Но поистине неприятной выставка обнаженных членов становится у священных фигур. Я думаю при этом о микеланджеловской Мадонне в круглой картине Трибуны. Однако пример этой героини не может считаться типичным для эпохи. Правильно лишь то, что если какая-либо единичная личность может быть сделана ответственной за крупные культурно-исторические перевороты, то это Микеланджело, который вызвал к жизни общегероический стиль и породил отчужденность от места и времени. Его идеализм во всех отношениях самый мощный и незаурядный. Он нарушил равновесие мира действительности и отнял у Возрождения безмятежное наслаждение самим собой.
Но, конечно, решительное слово в вопросе о реализме и идеализме было сказано не в отношении костюма и места.

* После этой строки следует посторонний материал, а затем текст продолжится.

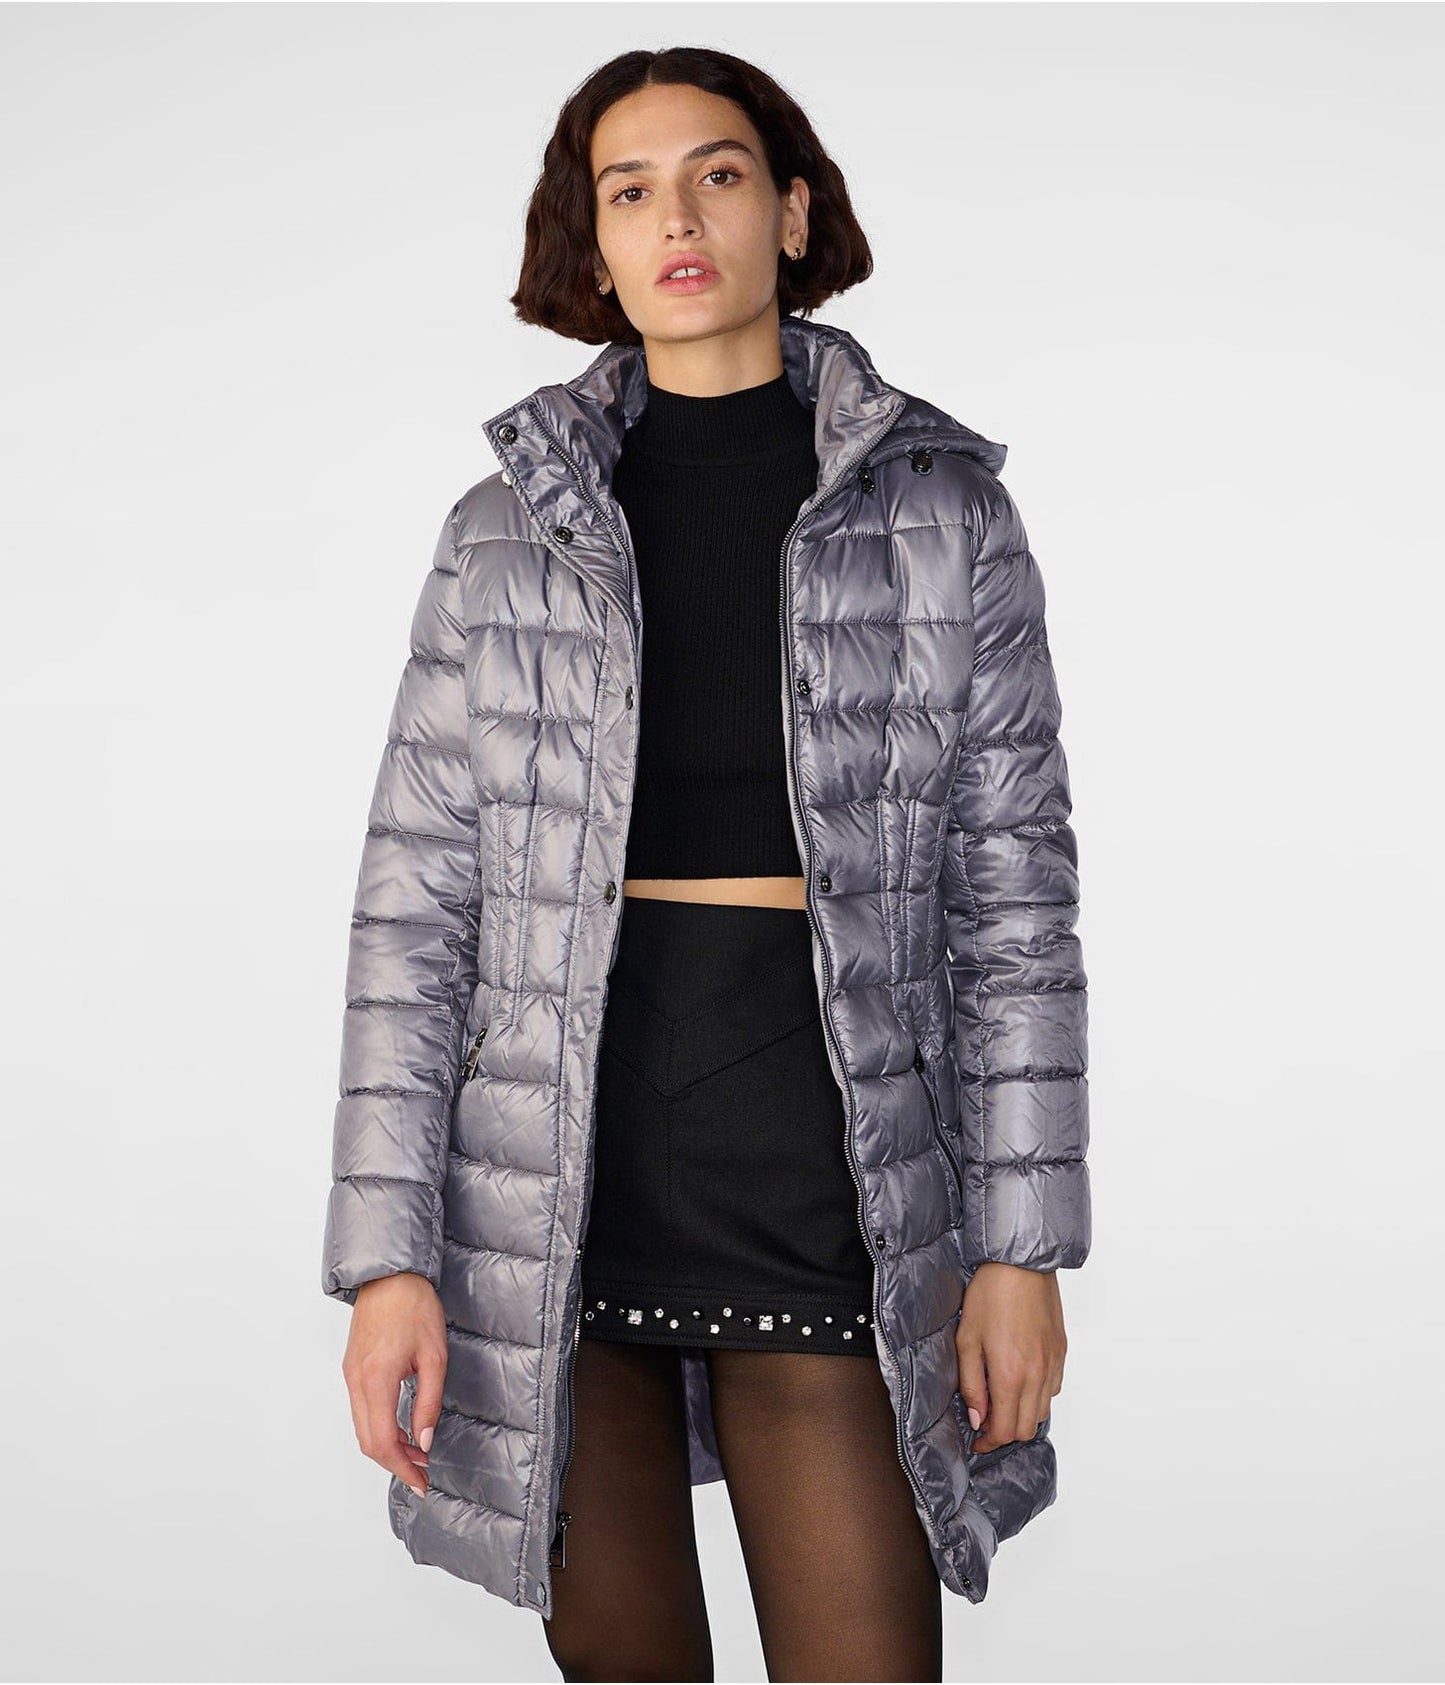 Women's Quilted Puffer Coat In Gray With Hood
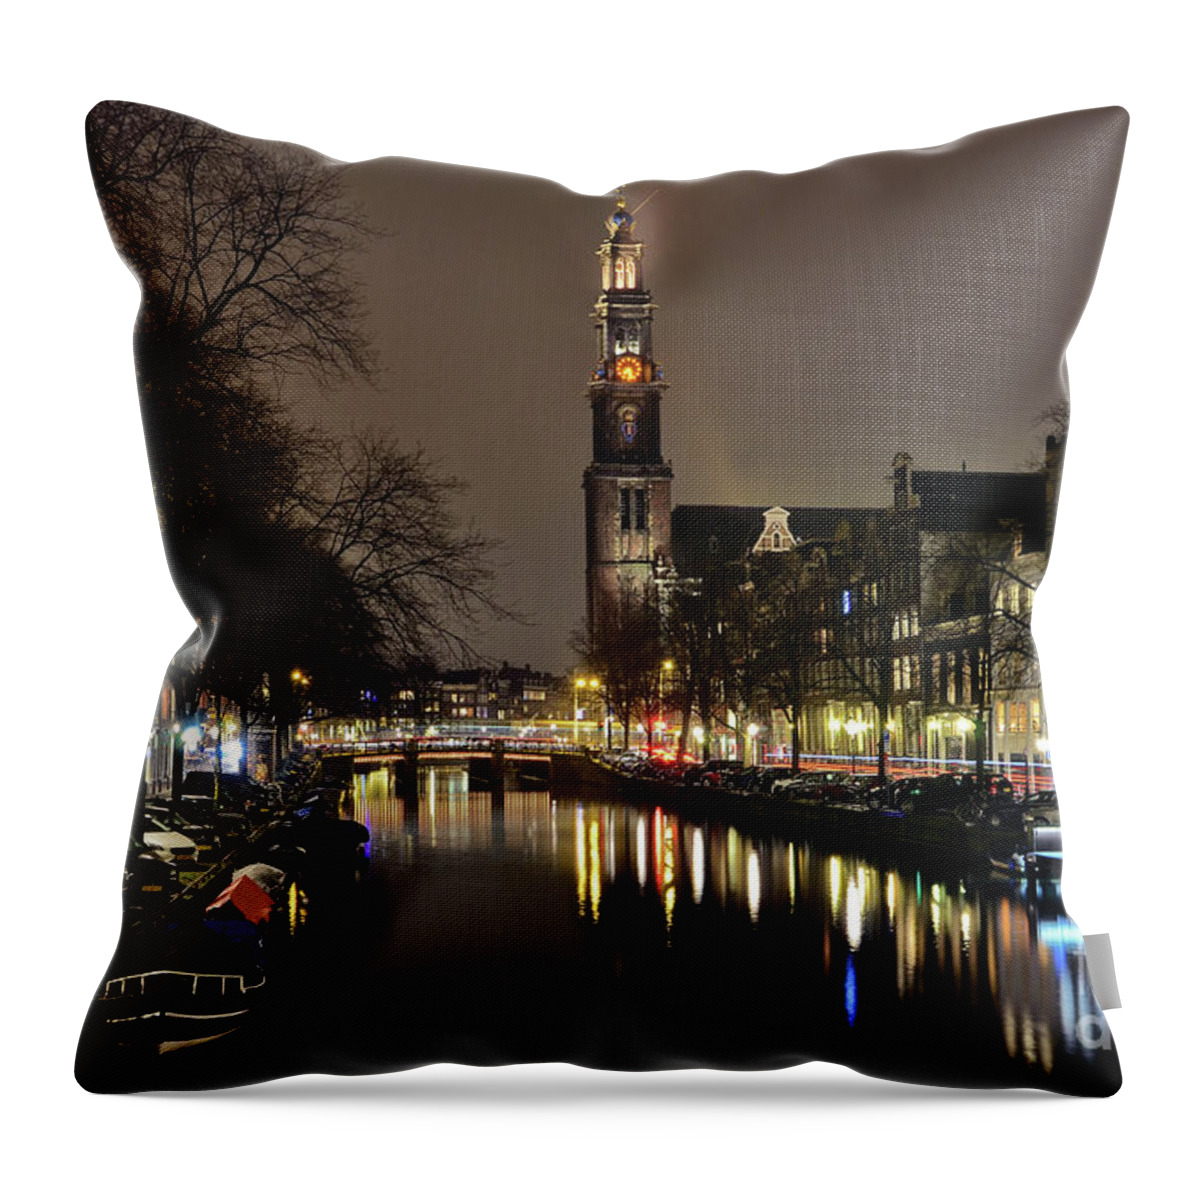 Canal Throw Pillow featuring the photograph Amsterdam by night - Prinsengracht by Carlos Alkmin

Все вымыслы XV столетия в вопросах архитектуры и одеяния — только невинная игра; общее впечатление действительности основано на индивидуальном характере голов и фигур в картинах. Пусть Гирландайо в аксессуарах выдумывает что ему угодно, но, глядя на картину вроде «Захарии во храме» (Санта Мария Новелла), всякий скажет: где стоят эти люди, там Флоренция. Возникает ли это впечатление в XVI столетии?
Несомненно, что число портретов становится более скудным. Гораздо реже возникает желание спросить, как звали того или другого. Интерес к индивидуально-характерному и способность изображать последнее не исчезают; стоит только вспомнить портретные группы илиодоровских фресок или картины Сарто в Аннунциате, но уже прошло то время, когда не знали ничего выше живой головы-портрета и когда каждая голова сама по себе была достаточно значительной, чтобы оправдывать свое присутствие на повествовательной картине. С тех пор как к повествованию стали относиться серьезно и равнодушные зрители были вынуждены удалиться, все расположение в корне изменилось. Индивидуализму вообще стала грозить сильная конкуренция: изображение аффектов становится проблемой, которая местами, по-видимому, вытесняет интерес к характеру. Мотив движения самого тела бывает настолько интересен, что уже почти не обращаешь внимания на голову. Фигуры приобретают новое значение в смысле факторов композиции, так что они, не обладая особым собственным интересом, в общей связи целого играют роль простых показателей размещения сил в архитектонической конструкции, и эти формальные эффекты, неизвестные более раннему поколению, сами собой ведут лишь к поверхностной характеристике. Но и в XV столетии всегда находились такие общие, неиндивидуальные головы — в большом количестве также у Гирландайо, — поэтому нельзя наблюдать принципиальной разницы между старым и новым искусством, в силу которого последнее избегало бы всего индивидуального. Портрет появляется реже, но нельзя сказать, что классический стиль требовал общего, идеального воплощения человека. Даже Микеланджело, который и здесь занимает особое положение, в первых сикстинских рассказах (например, в «Потопе») дает массу реальных голов. Затем интерес к индивидуальному у него уменьшается, в то время как он все более повышается у Рафаэля, который в первой Stanza редко переходит пределы самого общего. И все же не следует думать, что они оба поменялись местами: то, что дает зрелый Микеланджело, — это не общие черты дойн диви дуального, а общие черты сверхиндивидуального.
115
Впрочем, в «Мадонне ди Фолиньо» Рафаэль допустил, чтобы какой-то феррарец (полагают, но, вероятно, ошибочно, что это Фолиньо) прибавил к ней подробно разработанный пейзаж. «Мадонна Монте — луче» дает нам храм Тиволи. Других случаев припомнить нельзя.
116
Каждому иностранцу тотчас же бросается в глаза, как часты на итальянской сцене нарушающие иллюзию моменты. В этом смысле следует рассматривать и здесь, у Понтормо, и у других присутствие исторически несовместимых личностей, что встречается еще задолго до XVI века.